Python crawler's scrapy emulation login

Source: Internet
Author: User

Background:

Newcomers to the Pythoner, at the beginning of the feeling that all the site is nothing more than the analysis of HTML, JSON data, but ignored a lot of a problem, there are many sites in order to reverse the crawler, in addition to the need for a highly available proxy IP address pool, but also need to log in. For example, a lot of information is required to log in to crawl, but frequent login will appear verification code (some sites directly let you enter the verification code), this is the pit, after all, the operation of the students are very hard, the anti-also anti-, then we how to do? This does not say the verification code, you can manually enter the verification, or directly with the cloud coding platform, here we introduce a scrapy login usage.

Test Login Address: Http://example.webscraping.com/places/default/user/login

Test home: Http://example.webscraping.com/user/profile

1, here is not the description of how to create Scrapy project and spider, you can see my previous blog

2, fast login method.

We do a simple introduction here, we all know that the basic request flow of scrapy is the Start_request method traversal Start_urls list, and then Make_requests_from_url method, inside the request method, Request the address inside the Start_urls, but here we use is no longer the Get method, and use is the Post method, also often say login.

1, first we rewrite the Start_reqeusts method, the direct get login page HTML information (some people say you are not post login, why also get, do not worry, you have to get to login page login information, just know login account, password, etc. how to submit, where to submit)

2, Start_request method get to the data, with the callback parameter, execute to get response after the next method to execute, and then in the login method to write the login user name and password (or old, must use Dict), Then we only use the request subclass Scrapy.formrequest This method to submit the data, this one is the Formrequest.from_response square m_ method.

Some people will ask that the basic use of this from__response is to pass in a response object as the first parameter, which will help the user create the Formrequest object from the form form on the page. The most important thing is that it will help you to automatically jump the information in the hidden input tag into the expression, using this method, we write the user name and password directly, we will introduce the traditional method in the last side.

3. The Parse_login method is that the callback callback function specifies the method to be executed after the form is submitted, in order to verify the success. Here we directly in response search welcome Liu This word to prove login success. This is a good understanding, the focus is yield from super (). Start_resquests (), which means that if once logged in successfully, directly with the login after the success of the cookie value, method start_urls the address inside. In this case, after the successful login response can be written directly in the parse.

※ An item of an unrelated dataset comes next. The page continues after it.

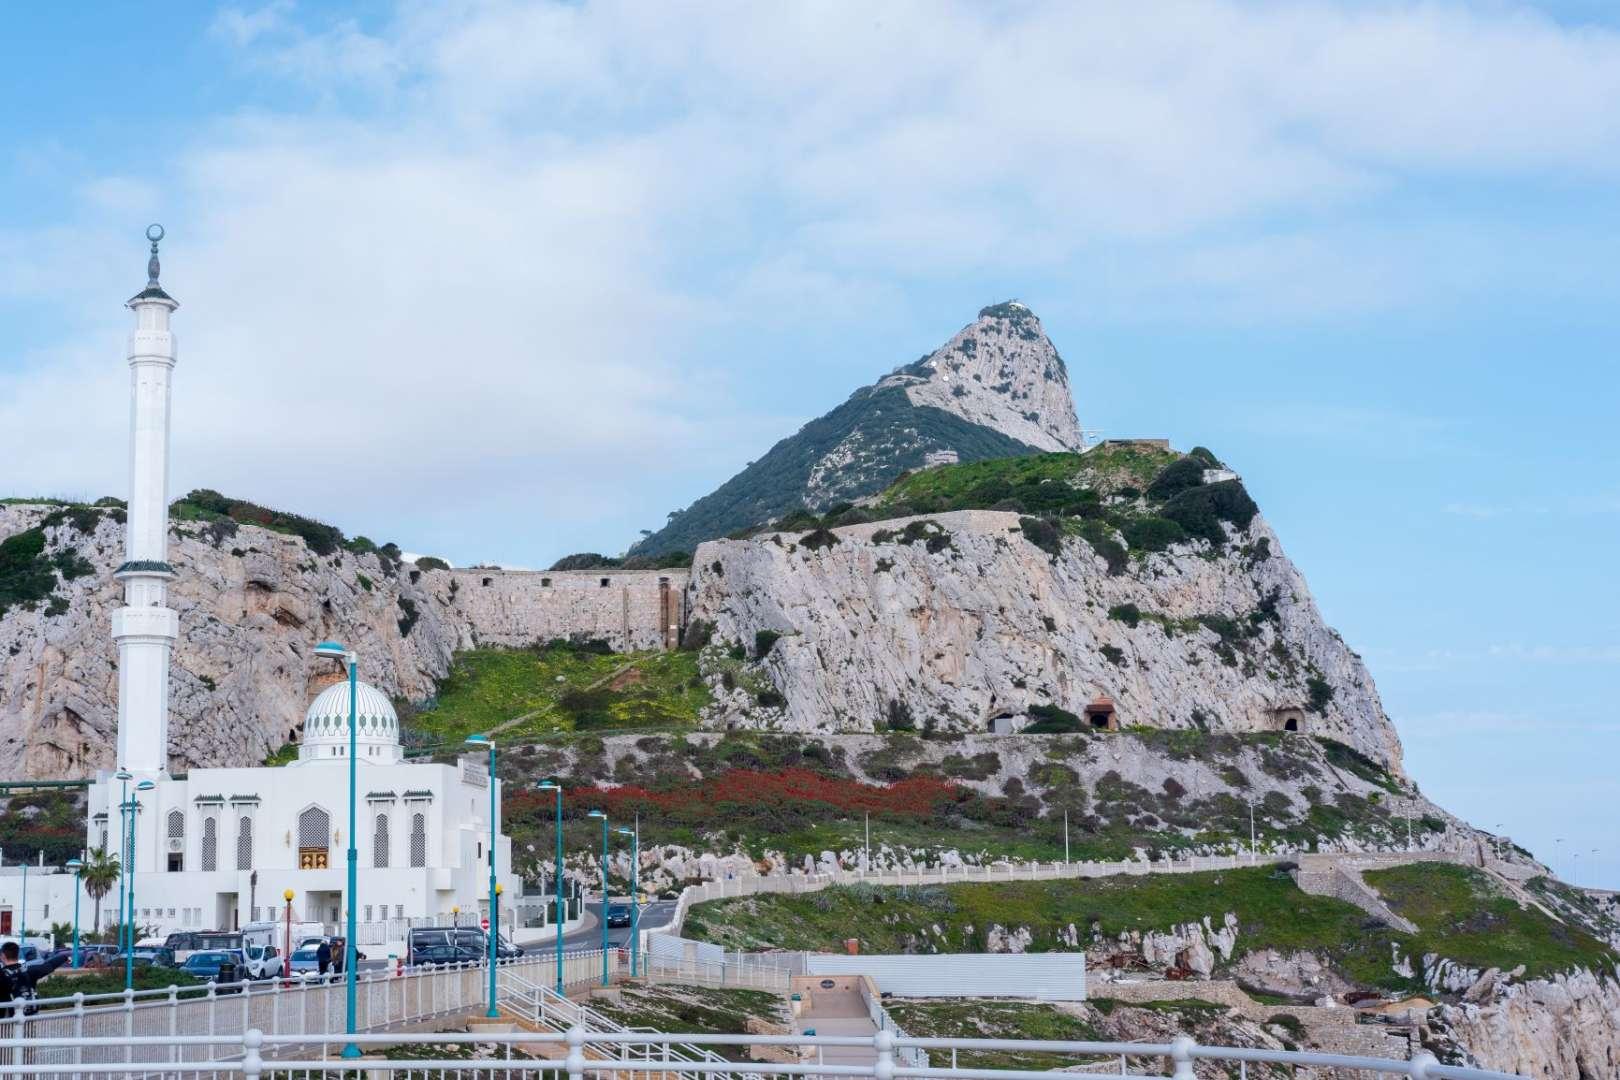 Reasons to Visit Gibraltar - The Rock

1 #-*-coding:utf-8-*-2 Importscrapy3  fromScrapyImportformrequest,request4 5 6 classExampleloginspider (scrapy. Spider):7Name ="Login_"8Allowed_domains = ["example.webscraping.com"]9Start_urls = ['Http://example.webscraping.com/user/profile']TenLogin_url ='Http://example.webscraping.com/places/default/user/login' One  A     defParse (self, response): -         Print(Response.text) -  the     defstart_requests (self): -         yieldScrapy. Request (self.login_url,callback=self.login) -  -     defLogin (self,response): +Formdata = { -             'Email':'[email protected]','Password':'12345678'} +         yieldFormrequest.from_response (response,formdata=Formdata, Acallback=self.parse_login) at     defParse_login (self,response): -         #print (' >>>>>>>> ' +response.text) -         if 'Welcome Liu' inchResponse.text: -             yield  fromSuper (). Start_requests ()

Login successful

Python crawler's scrapy emulation login

Related Article

Contact Us

The content source of this page is from Internet, which doesn't represent Alibaba Cloud's opinion; products and services mentioned on that page don't have any relationship with Alibaba Cloud. If the content of the page makes you feel confusing, please write us an email, we will handle the problem within 5 days after receiving your email.

If you find any instances of plagiarism from the community, please send an email to: info-contact@alibabacloud.com and provide relevant evidence. A staff member will contact you within 5 working days.

A Free Trial That Lets You Build Big!

Start building with 50+ products and up to 12 months usage for Elastic Compute Service

  • Sales Support

    1 on 1 presale consultation

  • After-Sales Support

    24/7 Technical Support 6 Free Tickets per Quarter Faster Response

  • Alibaba Cloud offers highly flexible support services tailored to meet your exact needs.